§ WHAT YOU ARE ASKED TO DO
Return an exact copy of the data, starting at its first line and ending at the line that contains "Happy Birthday To You Mugs for Her, Pink", minus any pictures.

§ SUPPLIED DATA
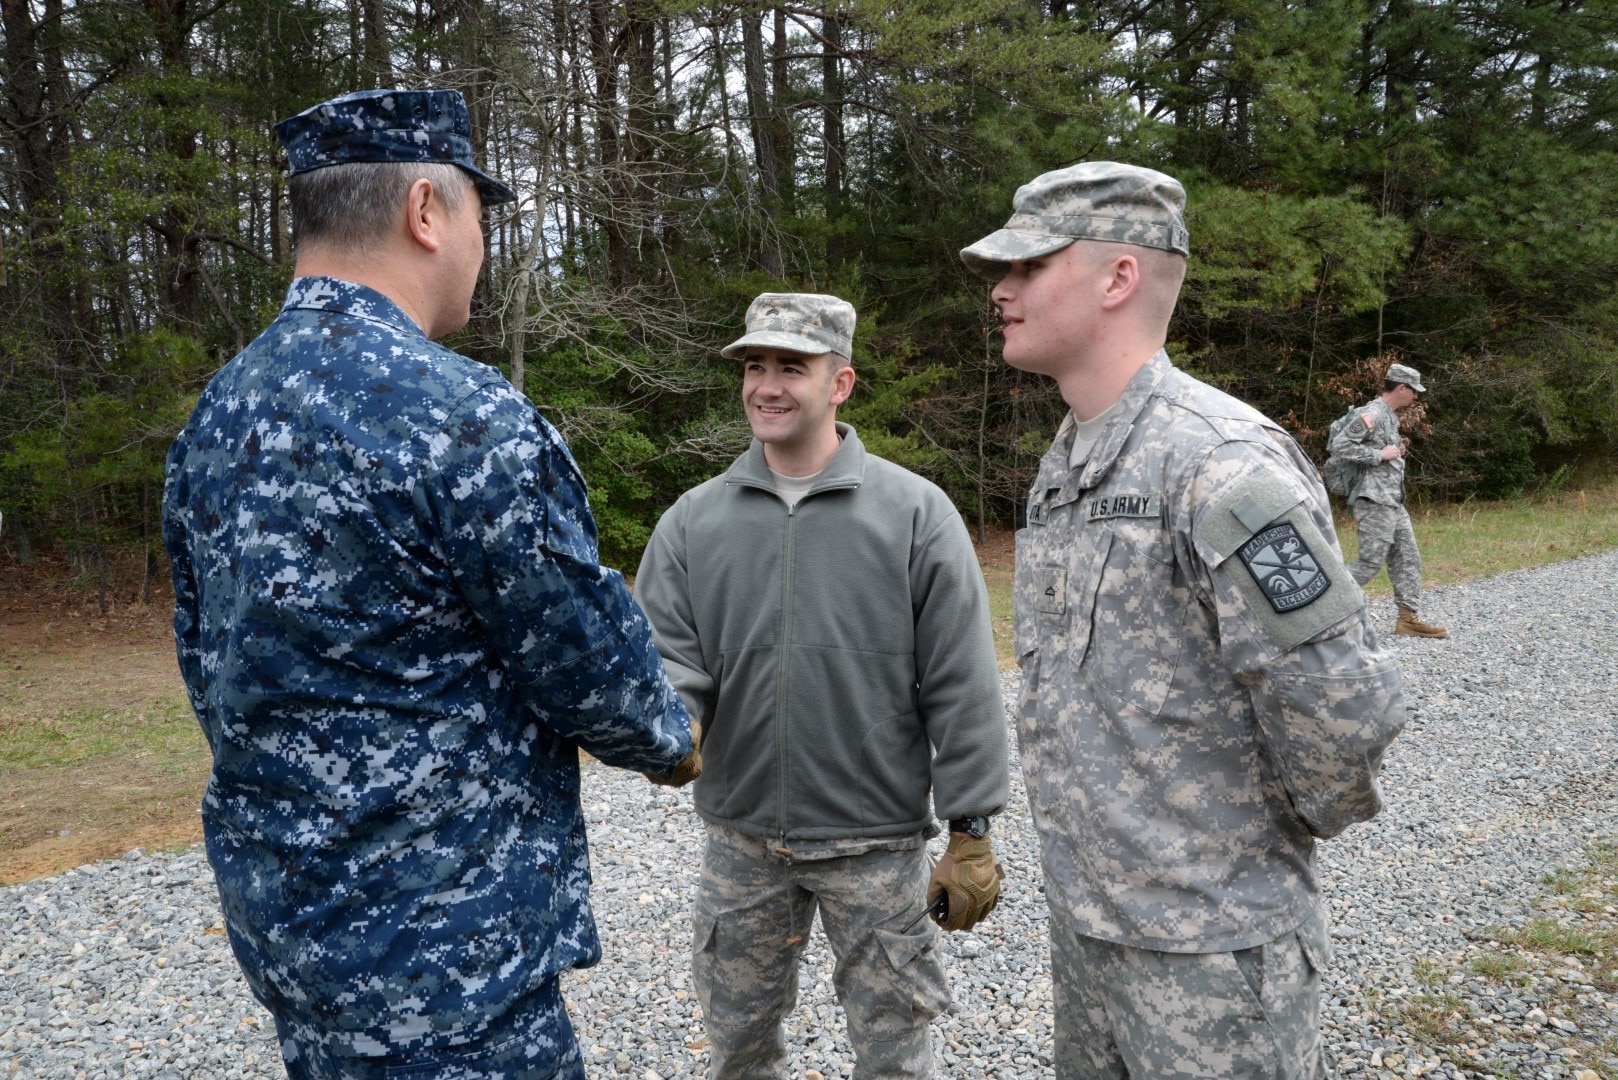 DLA JRF Director, Rear Adm. Ron MacLaren, talks to ROTC Cadets during weapons training at Fort A.P. Hill, Va., April 2. The goal of the two day training was to gain familiarization with the weapons for combat readiness and to qualify for deployments.
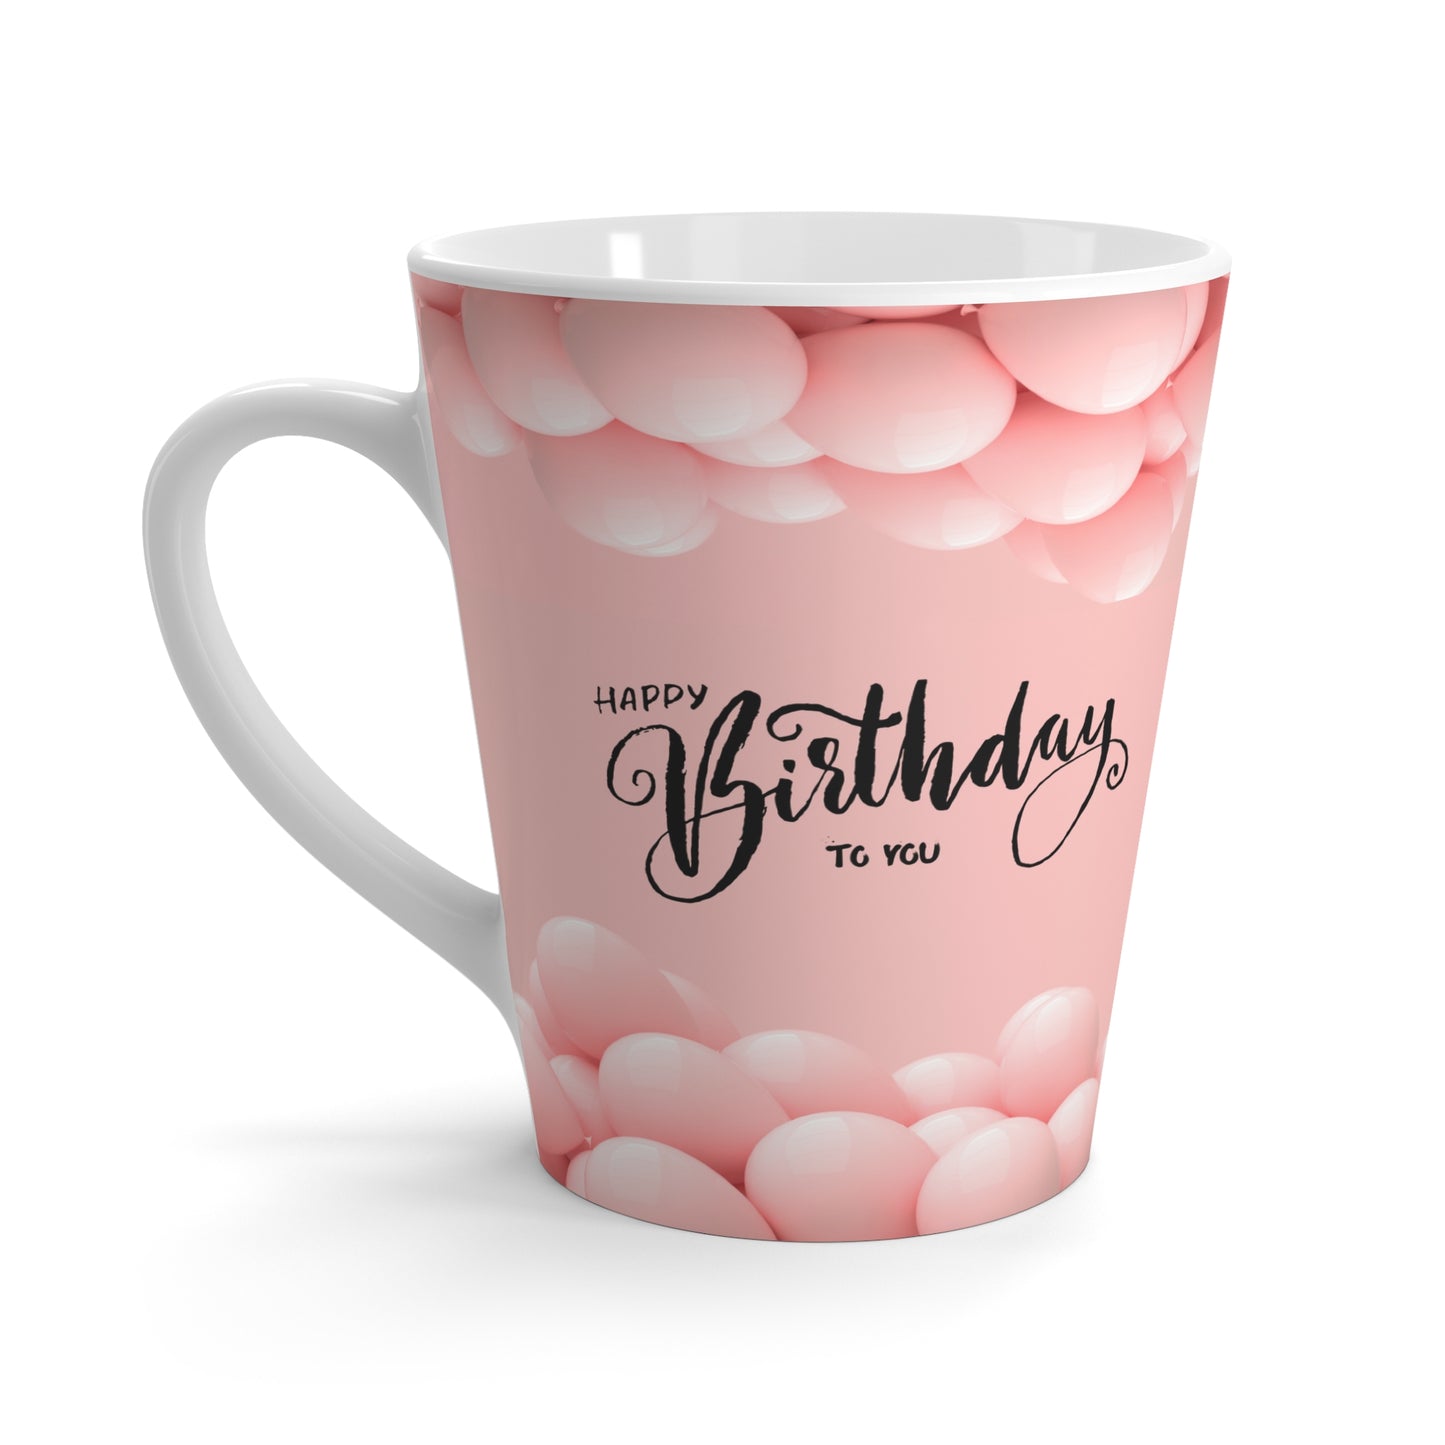 Happy Birthday To You Mugs for Her, Pink
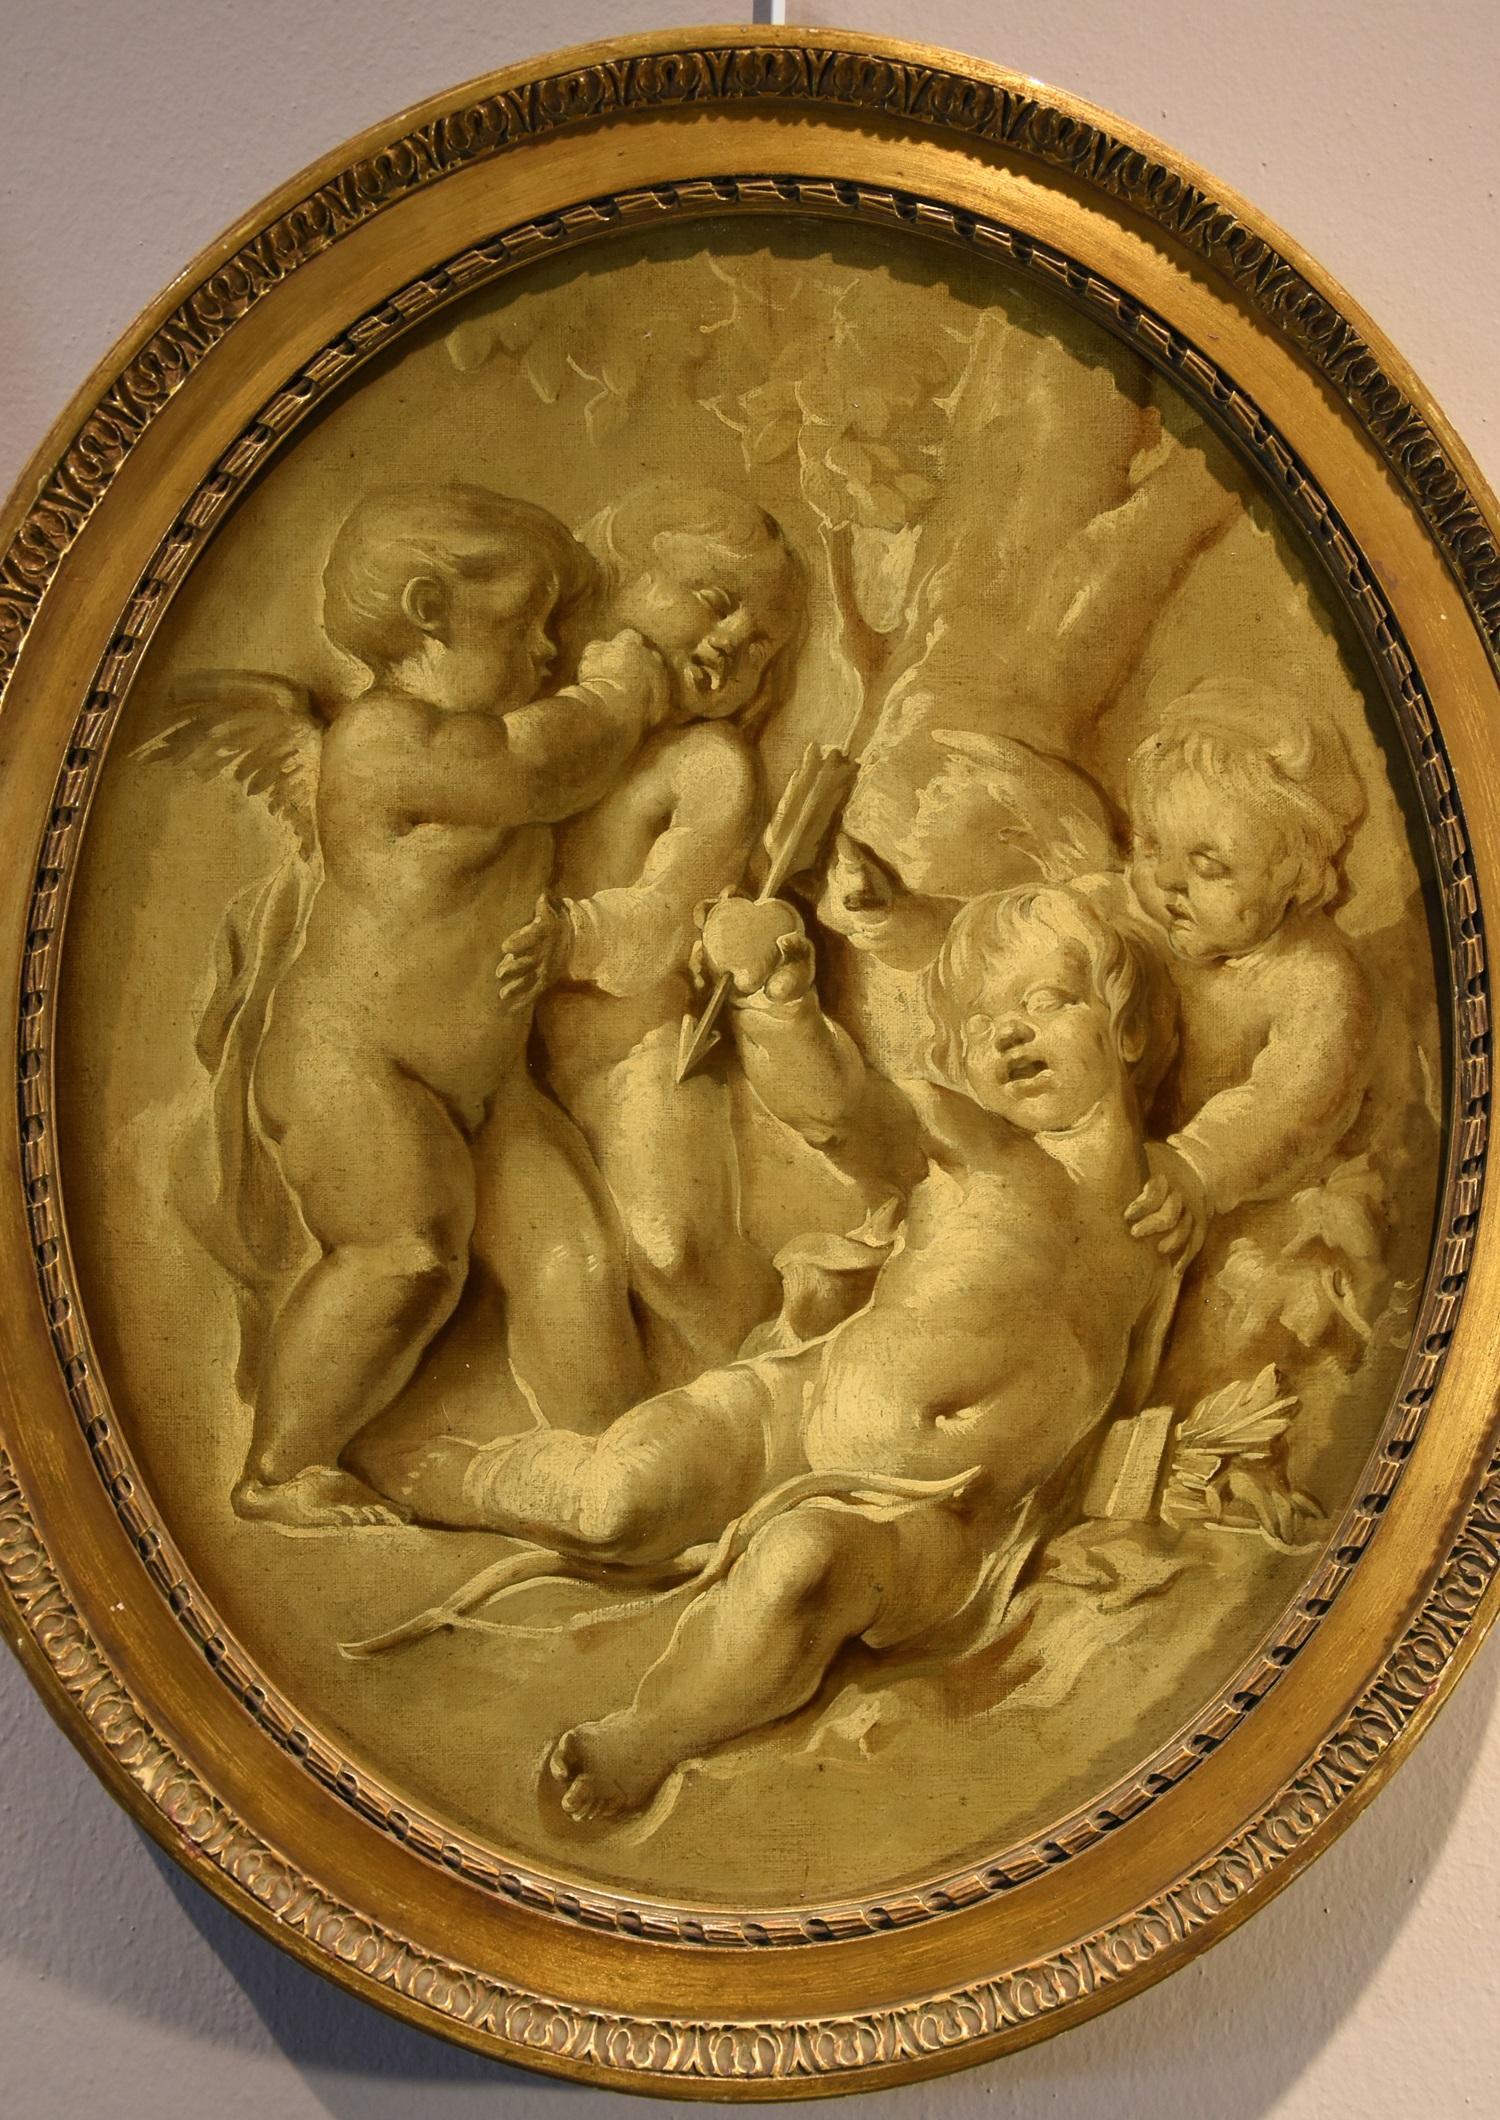 Putti Bacchus Sauvage Paint Oil on table 18th Century French school Mythologic  - Painting by Piat Joseph Sauvage (Tournai 1744-1818)
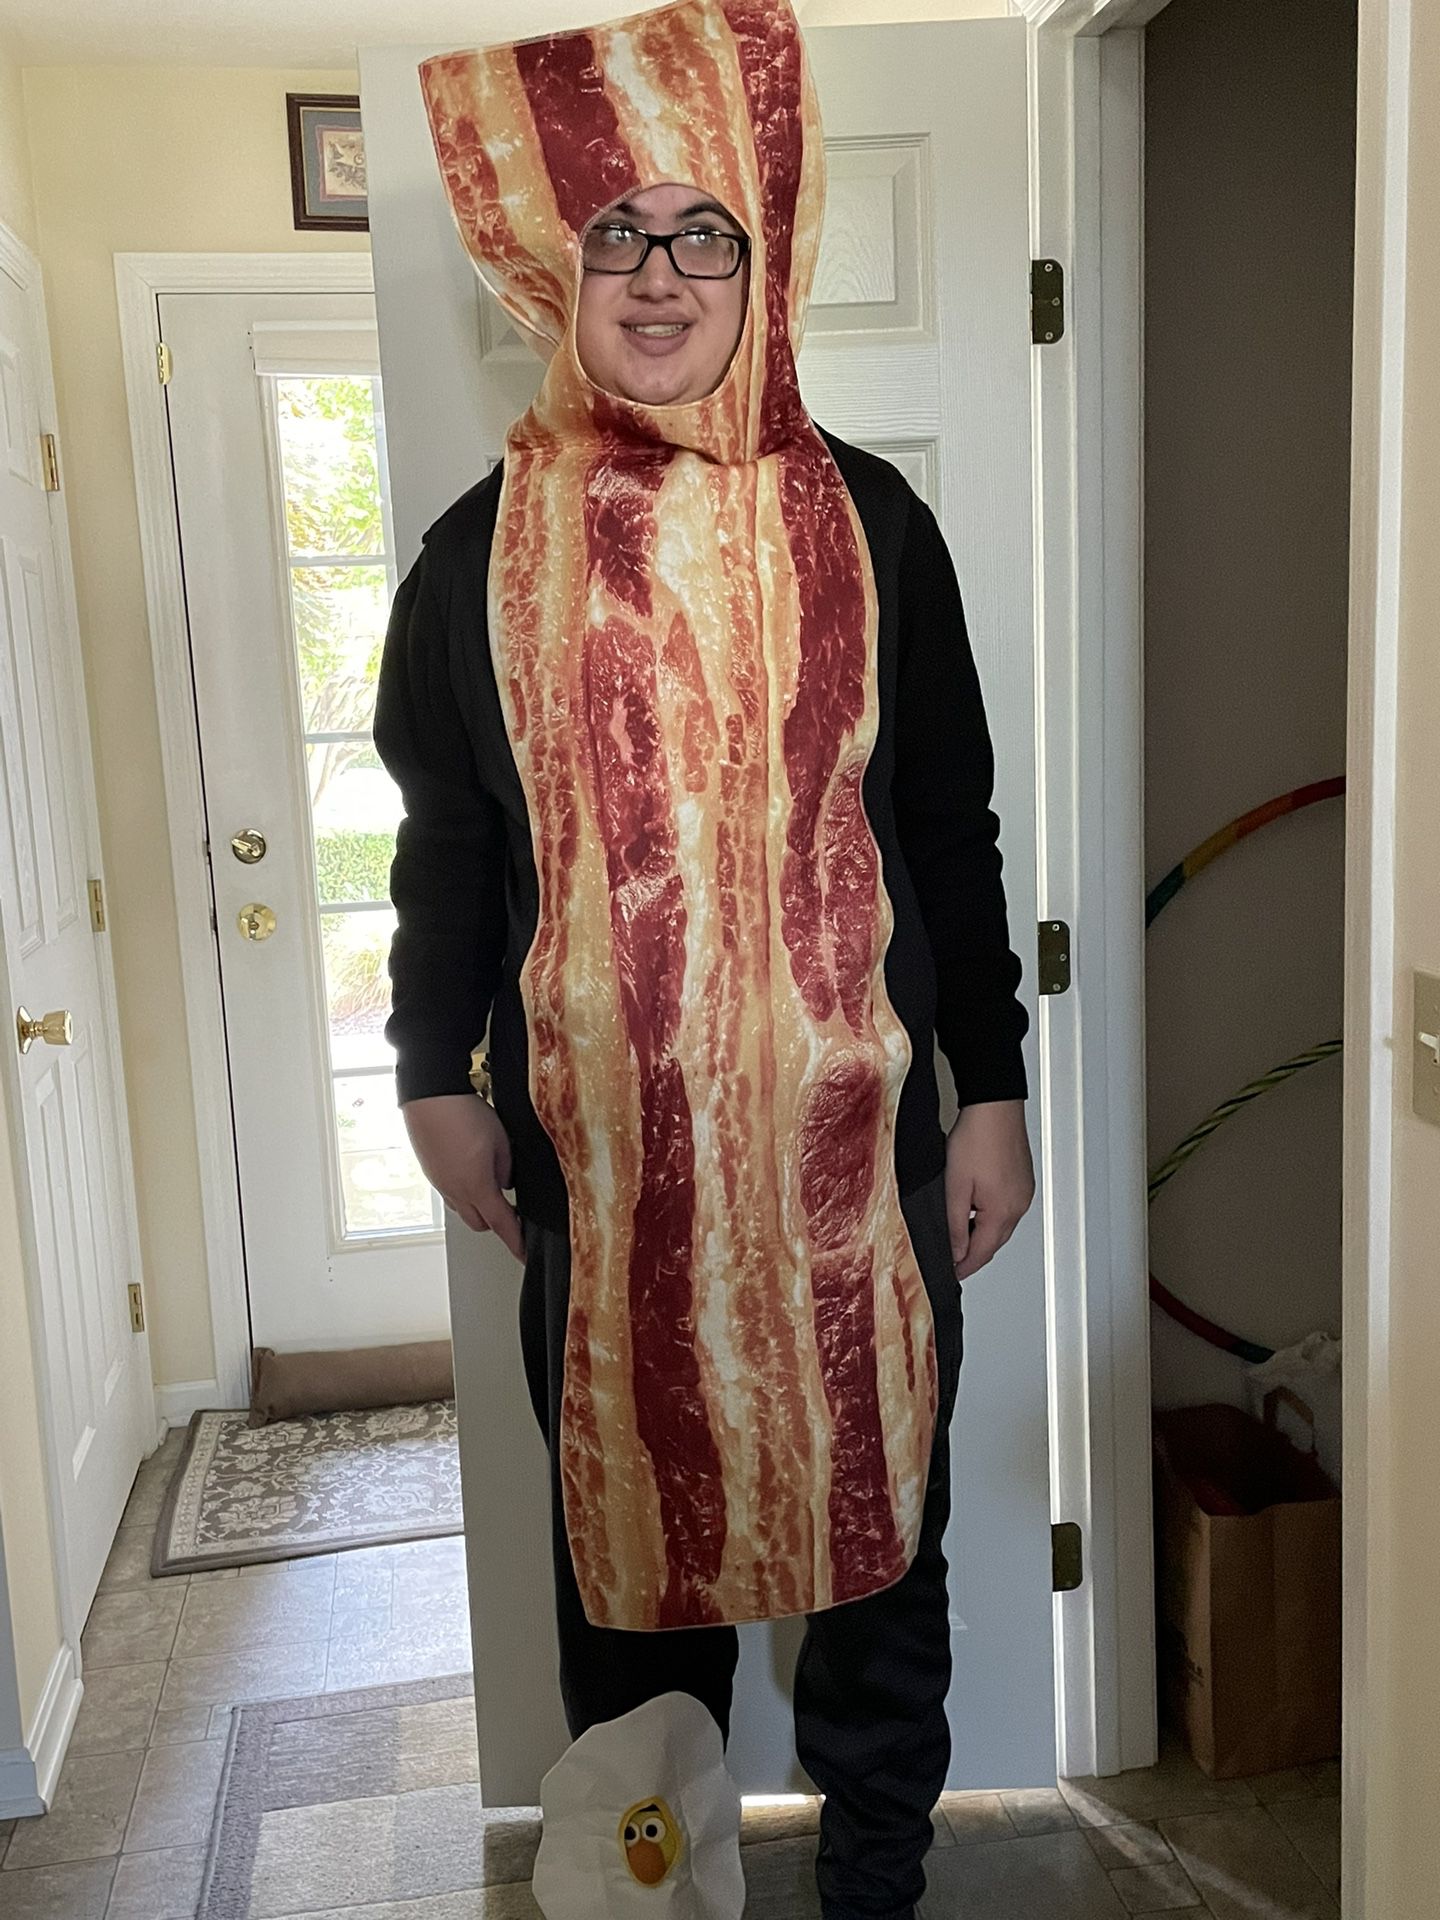 Adult Halloween Costume - BACON- One Size Fits ALL!

§ OUTPUT OF THE EXERCISE
 DLA JRF Director, Rear Adm. Ron MacLaren, talks to ROTC Cadets during weapons training at Fort A.P. Hill, Va., April 2. The goal of the two day training was to gain familiarization with the weapons for combat readiness and to qualify for deployments.
 Happy Birthday To You Mugs for Her, Pink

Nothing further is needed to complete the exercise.